2 finalistes au challenge Rhône Alpes (Roman 04/2017)

Nos 2 Gucistes ont représenté le club avec brio. L’équipe composé de gauche à droite par Clémence Cavalli (F60), Bernard Loïacono (coach) et Eric Carré (M80) sont parvenus à passer les 1/2 finales en réalisant de superbe assaut d’un niveau technique élevé. Pour autant, l’aventure s’arrête pour eux en finales. Tous nos finalistes 2017 (Isère et RA) reprendront du service l’année prochaine avec pour objectif les finales du grand Sud Est. On adresse au passage, un grand bravo à l’organisation du club “SavatOpoing” de Roman et son organisateur hors pair “Nabil Karchiche” pour le bon déroulement de la journée : 60 assauts sur 2 rings.

 

 

Interclub GUC – ST Vincent de Mercuze (24/03/2017)

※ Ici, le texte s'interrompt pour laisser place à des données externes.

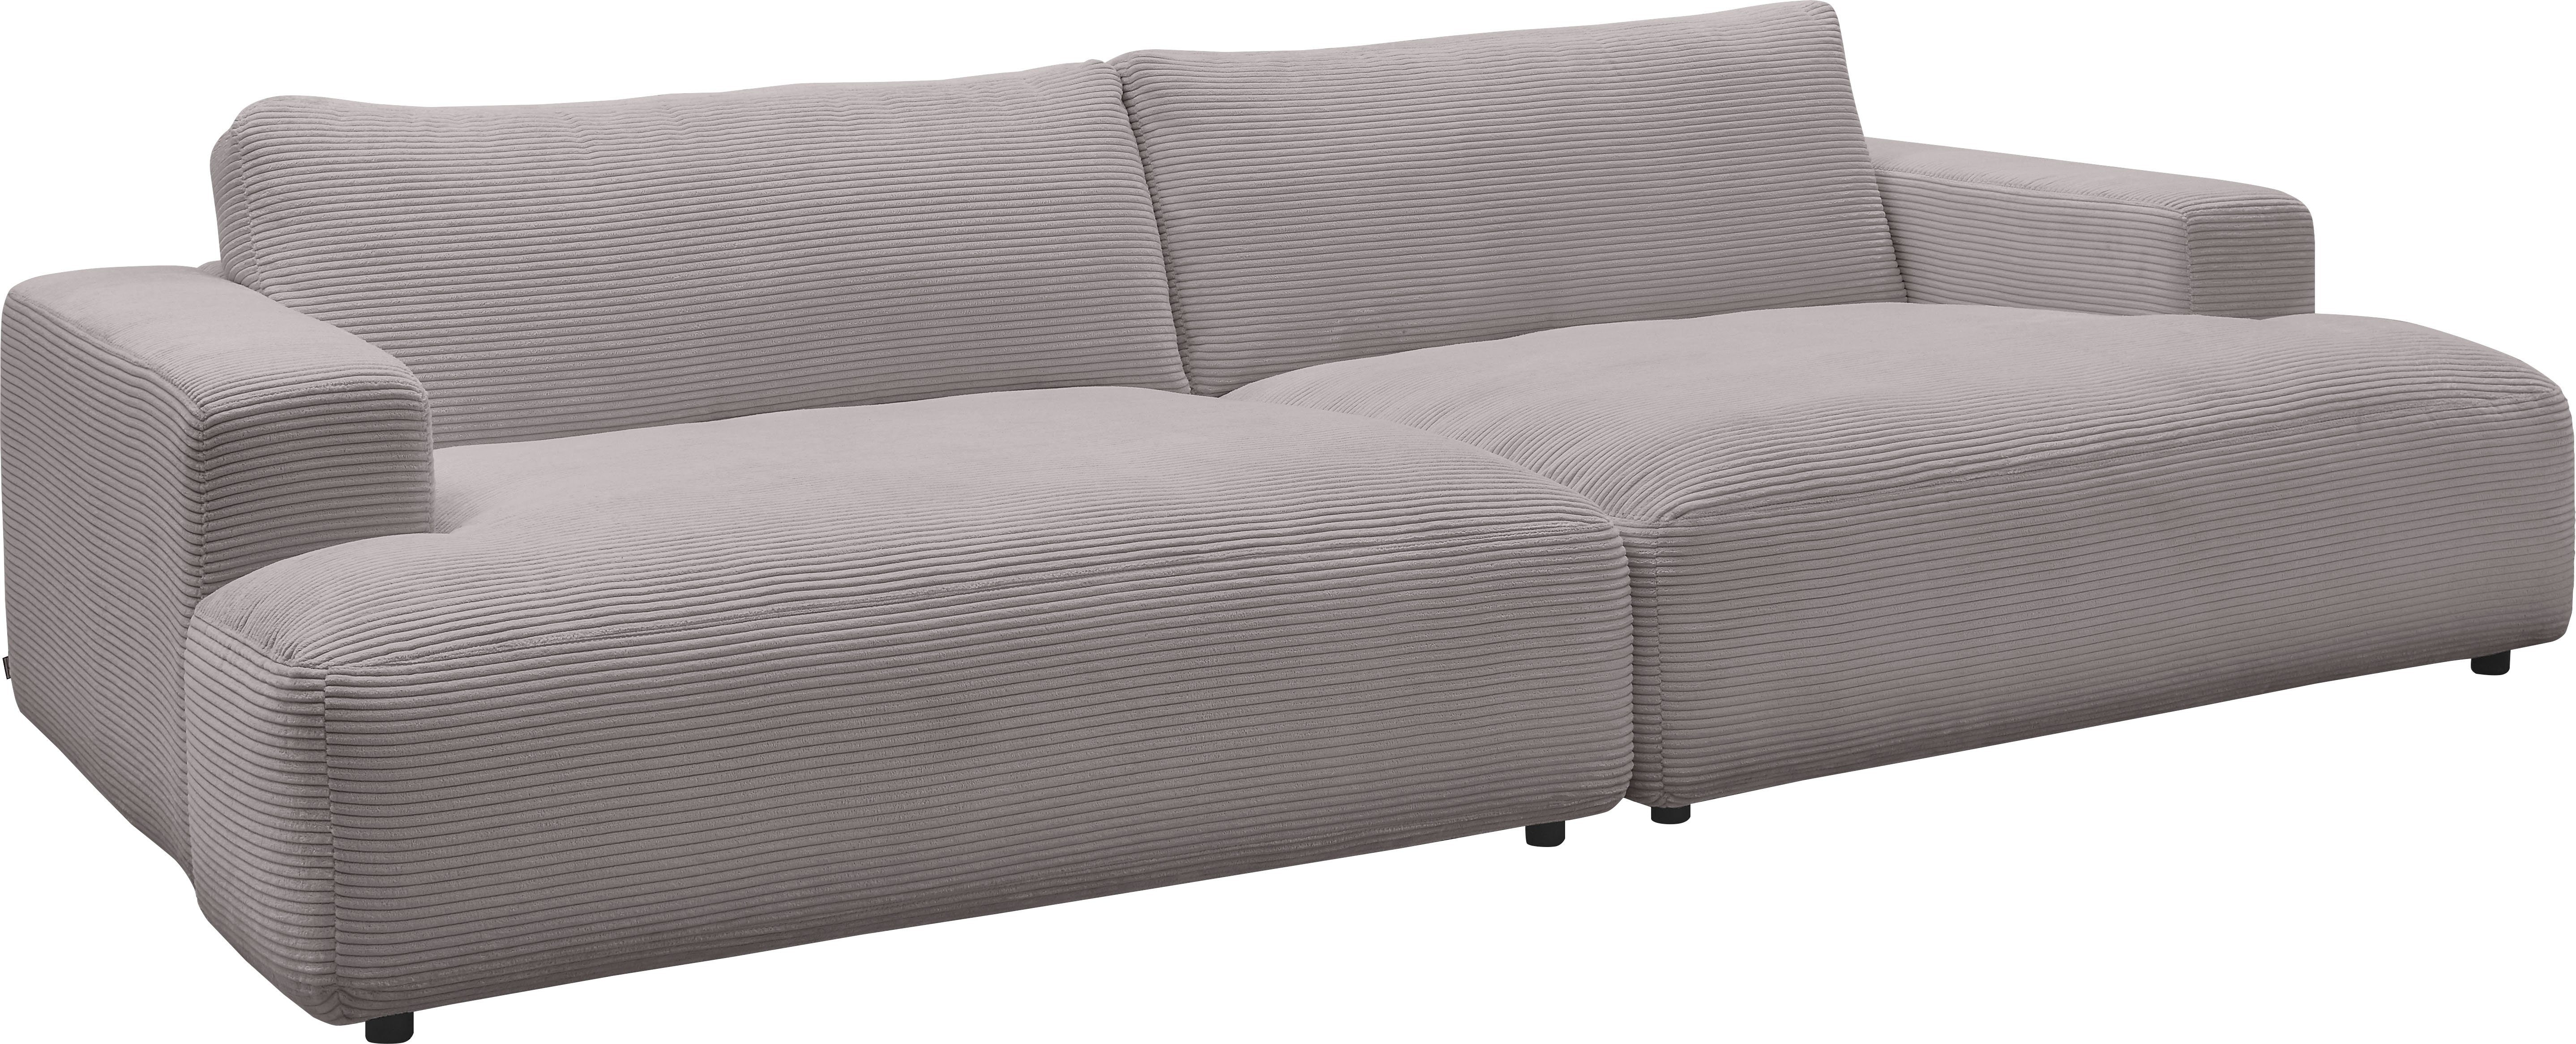 cm by Cord-Bezug, Loungesofa grey 292 Lucia, Musterring branded GALLERY Breite M

Le vendredi 24 mars 2017 a eu lieu un interclub comprenant 10 assauts “gant de couleur” entre les clubs de savate du GUC et de saint Vincent de Mercuze. Il y a eu de très beaux assauts et de superbe enchainement technique pied poing. Un grand merci aux coach (Lucien et Arthur) et aux juges arbitres (Julien & Co) pour le bon déroulement de l’interclub. La soirée s’est prolongée par un apéritif dinatoire au “Palais” (QG du club) où l’on a trinqué pour cette rencontre biannuelle.